Her Well-Being

No Time To Waste

A Two-Time Ovarian cancer survivor, Eleadrea Hayes, is on an awareness mission.

Sometimes when you don’t pay attention to what someone is telling you, they have to say it louder. That’s what Eleadrea Hayes, 37, says God was doing when she was diagnosed with and beat ovarian cancer not once, but twice!

Hayes, who moved to Middle Tennessee in June 2001, was life-long dancer, and she says that being in tune with her body was what led her to the doctor when something just “wasn’t right” in October of that same year. A pelvic exam revealed a mass, which she had surgically removed. But the morning after the surgery, the doctor called to tell Hayes that the cells on the mass were malignant — it was ovarian cancer.

A woman of strong faith, Hayes braced for her battle against cancer armed with prayer, hope, a supportive husband, and a fantastic medical staff. She saw Laura Williams, M.D., a Baptist Hospital oncologist, who removed Hayes’s right ovary and fallopian tube the following month and ordered four months of chemotherapy to eradicate any remaining cancer cells. When her hair began to fall out in clumps from the chemo, she asked her husband to shave her head. “With every swipe of the clippers he stopped and kissed my tears,” remembers Hayes, “and that was the first time it hit me that I could possibly die.”

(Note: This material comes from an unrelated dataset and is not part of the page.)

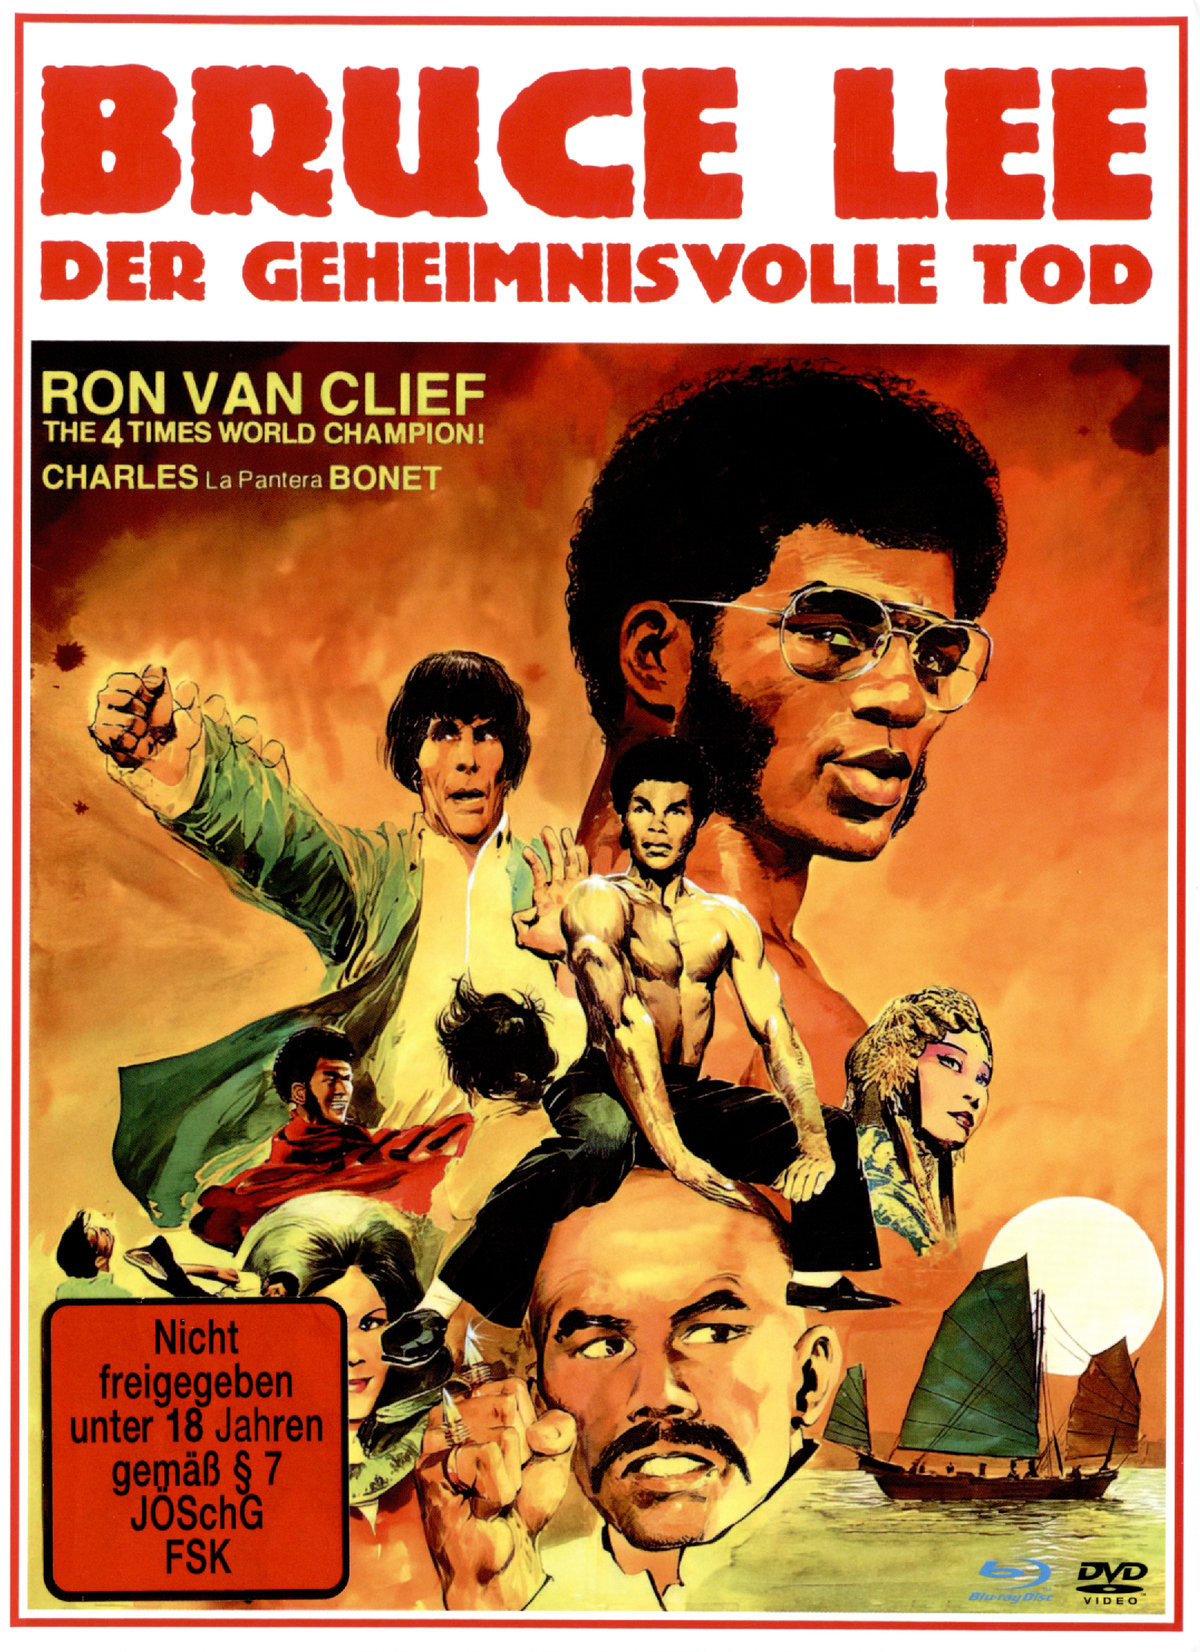 Bruce Lee - Der geheimnisvolle Tod - Uncut Mediabook Edition (DVD+blu-ray) (A)

Hayes’s ovarian cancer was stage IIc. American Cancer Society statistics show that only one percent of women with ovarian cancer find out in stage I, while a whopping 70 percent find out in stage III, a point at which survival rates plummet significantly. Hayes credits her survival with listening to her body. “As women, we get so busy that we often don’t pay attention to what our bodies are saying.”

In December 2002, Hayes was in remission and someone said to her, “You know you’re one of the very few who survive ovarian cancer, right?” She realized then that she survived for a purpose. “I didn’t even know the color for ovarian cancer awareness, which is teal,” says Hayes. “I knew I needed to do something.”

Hayes began researching and forming a plan for how to use her experience to raise awareness. That’s when she found the Blue Hydrangea Tea Party, a national campain to encourage greater awareness of ovarian cancer. Hayes joined the Blue Hydrangea network in 2008, but she eventually got sidetracked from her mission; she and her husband were trying to conceive a child — something Dr. Williams assured her she could do even with only one ovary. At the same time, she had begun exercising again because “I could not get rid of the pudge,” Hayes says.

In July 2008, Hayes went for her annual follow-up appointment with Williams, but when she showed up, she was told she wasn’t on the schedule — that her post-remission follow ups were finished as of 2007. Since she was there, though, Hayes saw Williams, who performed the basic follow-up regimen, which includes a pelvic exam. During the pelvic exam, she asked Hayes to relax her stomach. “I told her it was relaxed,” recalls Hayes, “and she immediately said, ‘You need a CAT scan right away.”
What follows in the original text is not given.